Even with this topology of the Lightning Network, there is essential information
for routing that remains inaccessible to the sending node, which is the exact
distribution of liquidity in the channels at any given moment. Indeed, each channel
only displays its total capacity, but the internal
distribution of funds is only known to the two participating nodes. This
poses challenges for efficient routing, as the success of the payment
depends notably on whether its amount is less than the lowest liquidity on
the chosen route. However, the liquidities are not all visible to the
sending node. 
Network Map Update
To keep their network map up to date, nodes regularly exchange messages through an algorithm called "gossip". This is a distributed algorithm used to spread information in an epidemic manner to all the nodes in the network, which allows for the exchange and synchronization of the global state of the channels in a few communication cycles. Each node propagates information to one or more neighbors chosen at random or not, these, in turn, propagate the information to other neighbors and so on until a globally synchronized state is achieved.

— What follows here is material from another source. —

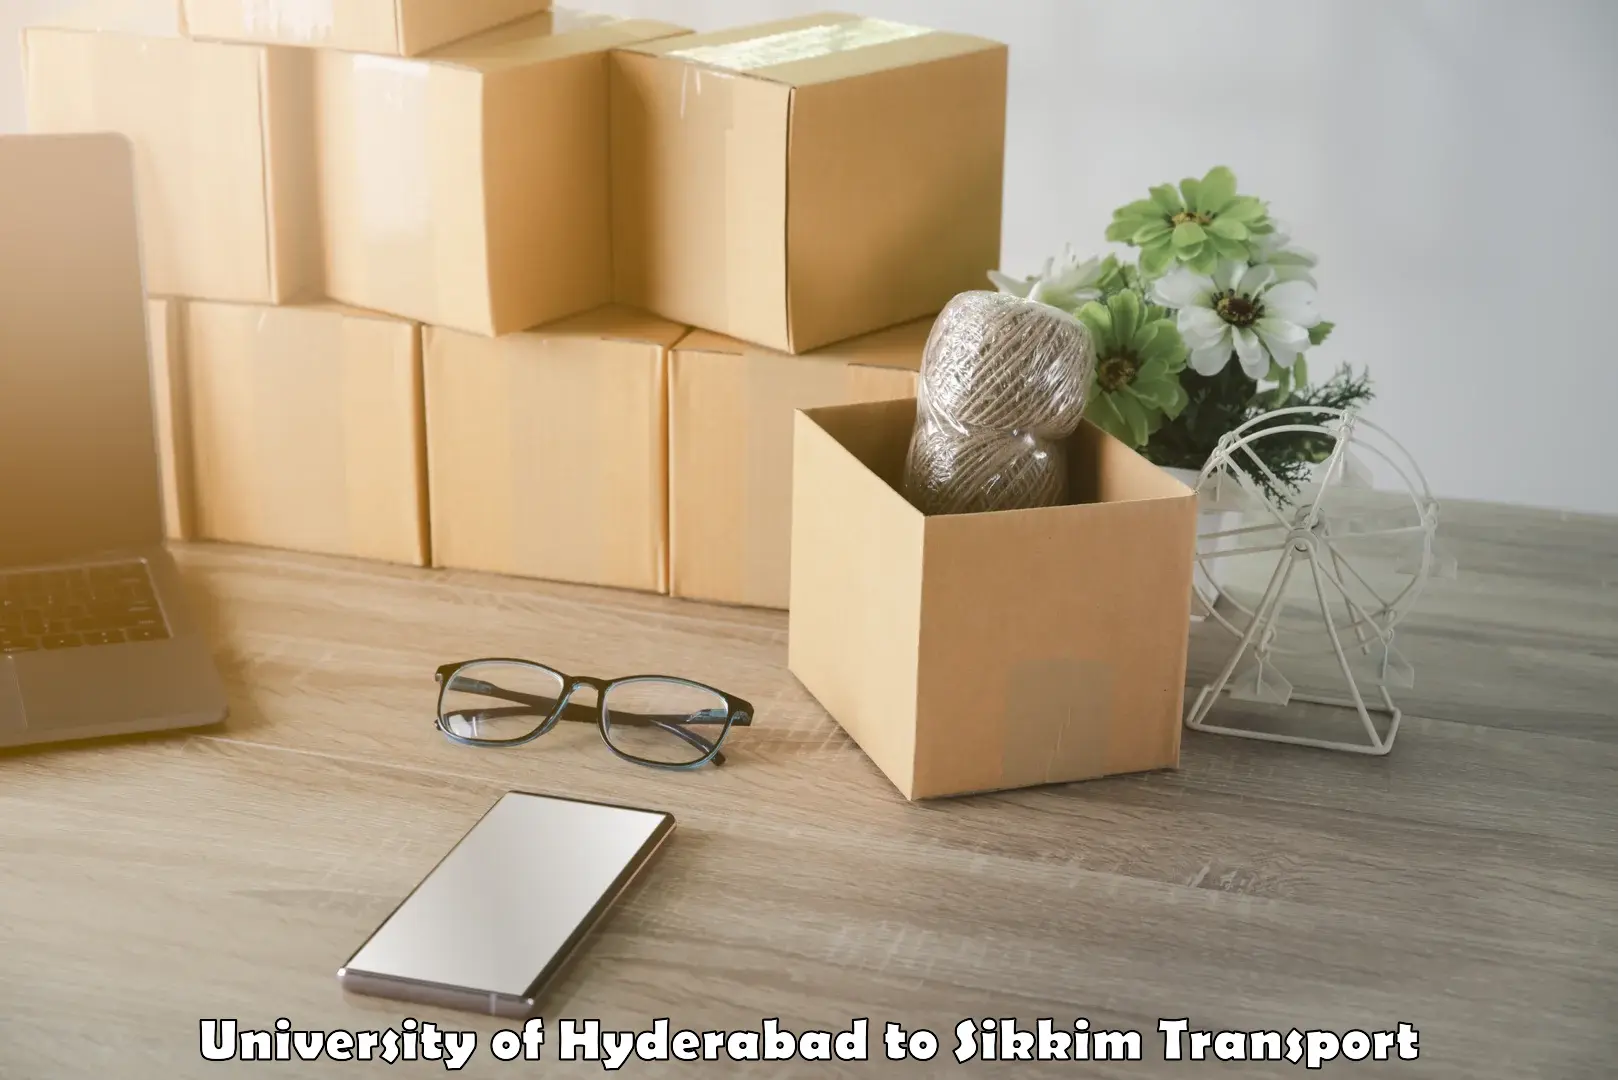 Transport bike from one state to another University of Hyderabad to Sikkim

The 2 main messages exchanged between Lightning nodes are as follows:
- "Channel Announcements": messages signaling the opening of a new channel.
- "Channel Updates": update messages on the state of a channel, particularly on the evolution of fees (but not on the distribution of liquidity).
Lightning nodes also monitor the Bitcoin blockchain to detect channel closing transactions. The closed channel is then removed from the map since it can no longer be used to route our payments.
Routing a Payment
Let's take an example of a small Lightning Network with 7 nodes: Alice, Bob, 1, 2, 3, 4, and 5. Imagine that Alice wants to send a payment to Bob but must go through intermediary nodes.
Here is the actual distribution of funds in these channels:
- Channel between Alice and 1: 250,000 sats on Alice's side, 80,000 on 1's side (total capacity of 330,000 sats).
- Channel between 1 and 2: 300,000 sats on 1's side, 200,000 on 2's side (total capacity of 500,000 sats).
- Channel between 2 and 3: 50,000 sats on 2's side, 60,000 on 3's side (total capacity of 110,000 sats).
- Channel between 2 and 5: 90,000 sats on side 2, 160,000 on side 5 (total capacity of 250,000 sats).
- Channel between 2 and 4: 180,000 sats on side 2, 110,000 on side 4 (total capacity of 290,000 sats).
- Channel between 4 and 5: 200,000 sats on side 4, 10,000 on side 5 (total capacity of 210,000 sats).
- Channel between 3 and Bob: 50,000 sats on side 3, 250,000 on side Bob (total capacity of 300,000 sats).
- Channel between 5 and Bob: 260,000 sats on side 5, 100,000 on side Bob (total capacity of 360,000 sats).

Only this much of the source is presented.